Leon Ferder, Department of Pharmacology, Universidad Maimónides, Ciudad Autónoma de Buenos Aires C1405, Argentina
Felipe Inserra, Department of Nephrology, Universidad de Maimónides, Ciudad Autónoma de Buenos Aires C1405, Argentina
Walter Manucha, Department of Pathology, Instituto de Medicina y Biología Experimental de Cuyo, Consejo Nacional de Investigación Científica y Tecnológica Universidad Nacional de Cuyo, Laboratorio de Farmacología Experimental Básica y Traslacional, Facultad de Ciencias Médicas, Mendoza 5500, Argentina
ORCID number: Walter Manucha (0000-0002-2279-7626).
Co-first authors: Virna Margarita Martín Giménez and Sebastián García Menéndez.
Author contributions: All authors contributed to the writing, discussion and preparation of this manuscript.
Supported by Agencia Nacional de Promoción de la Investigación, el Desarrollo Tecnológico y la Innovación, No. PICT 2020 Serie A 4000.
Conflict-of-interest statement: The authors declare that they have no conflict of interest.
Open Access: This article is an open-access article that was selected by an in-house editor and fully peer-reviewed by external reviewers. It is distributed in accordance with the Creative Commons Attribution NonCommercial (CC BY-NC 4.0) license, which permits others to distribute, remix, adapt, build upon this work non-commercially, and license their derivative works on different terms, provided the original work is properly cited and the use is non-commercial. See: https://creativecommons.org/Licenses/by-nc/4.0/
Corresponding author: Walter Manucha, PhD, Professor, Department of Pathology, Instituto de Medicina y Biología Experimental de Cuyo, Consejo Nacional de Investigación Científica y Tecnológica Universidad Nacional de Cuyo, Laboratorio de Farmacología Experimental Básica y Traslacional, Facultad de Ciencias Médicas, Farmacología, Mendoza 5500, Argentina. wmanucha@yahoo.com.ar
Received: March 11, 2025
Revised: April 17, 2025
Accepted: May 26, 2025
Published online: September 20, 2025
Processing time: 154 Days and 20.3 Hours

Abstract

Hypertension disrupts cerebral blood flow, leading to endothelial dysfunction, breakdown of the blood-brain barrier (BBB), and inflammatory cell infiltration. This cascade triggers glial cell activation, increases oxidative stress, and causes pro-inflammatory cytokine release, creating a neurotoxic environment. In this context, we explore the intricate connection between hypertension, neuroinflammation, and neurodegeneration, as well as how hypertension interacts with other metabolic disorders, such as obesity and diabetes, to further worsen neuroinflammation. Additionally, we discuss the role of the renin-angiotensin-aldosterone system, the impact of the microbiome, and the potential contribution of chronic infections in exacerbating neuroinflammation. It is essential to emphasize the potential of nanotechnology to transform therapeutic approaches. Nanoparticle-based drug delivery systems can enhance the bioavailability and selectivity of antihypertensive drugs, antioxidants, and neuroprotective compounds, enabling targeted delivery across the BBB. By combining effective blood pressure management with nanotechnology-enabled therapies that modulate inflammation, oxidative stress, and protein aggregation, we can explore new avenues for preventing and treating hypertension and metabolic disorder-associated neurodegenerative conditions. Ultimately, hypertension significantly contributes to neuroinflammation and neurodegeneration by promoting neuronal cell death, primarily through impaired cerebral blood flow and disruption of the BBB. The interaction of hypertension with metabolic disorders exacerbates these effects. However, advancements in our understanding and new technologies reveal promising nanopharmacological approaches for targeted drug delivery to the brain, thereby improving treatment outcomes, enhancing adherence, and reducing side effects.

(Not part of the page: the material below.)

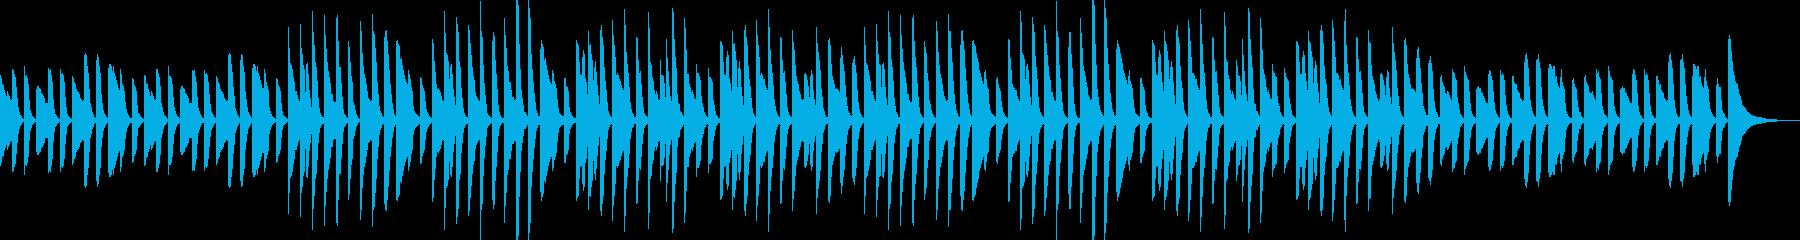 YouTube・日常・会話・ピアノソロの再生済みの波形

Key Words: Neuroinflammation; Nanotechnology/nanopharmacology; Blood-brain barrier; Oxidative stress; Neurodegeneration; Hypertension; Metabolic disorders

Core Tip: This mini-review unveils the intricate nexus between hypertension, metabolic disorders, and neurodegeneration, spotlighting neuroinflammation as a pivotal mediator. Compromised cerebral blood flow and blood-brain barrier (BBB) disruption initiate a cascade of oxidative stress and pro-inflammatory cytokine release, culminating in neuronal injury. We advocate for the transformative potential of nanopharmacology. Nanoparticle-mediated drug delivery offers a strategic avenue to enhance therapeutic bioavailability and selectivity, enabling targeted intervention across the BBB. By synergizing effective blood pressure management with nanotechnology-driven modulation of neuroinflammation, we pioneer novel strategies to mitigate neurodegenerative pathologies. This paradigm shift holds promise for revolutionizing therapeutic approaches, paving the way for improved patient outcomes in hypertension-associated neurological disorders.
INTRODUCTION

High blood pressure is one of the main cardiovascular risk factors. It affects a significant percentage of the world's population, increasing the risk of cerebrovascular events, cognitive impairment, and neurodegenerative diseases[1]. While the systemic consequences of hypertension on the heart, kidneys, and large blood vessels are well documented, it has become clear that it also exerts a profound impact on the brain[2,3]. Hypertension promotes microvascular alterations, endothelial dysfunction, reduced cerebral blood flow, glial cell activation, and proinflammatory mediator release, culminating in a chronic neuroinflammatory condition[4,5].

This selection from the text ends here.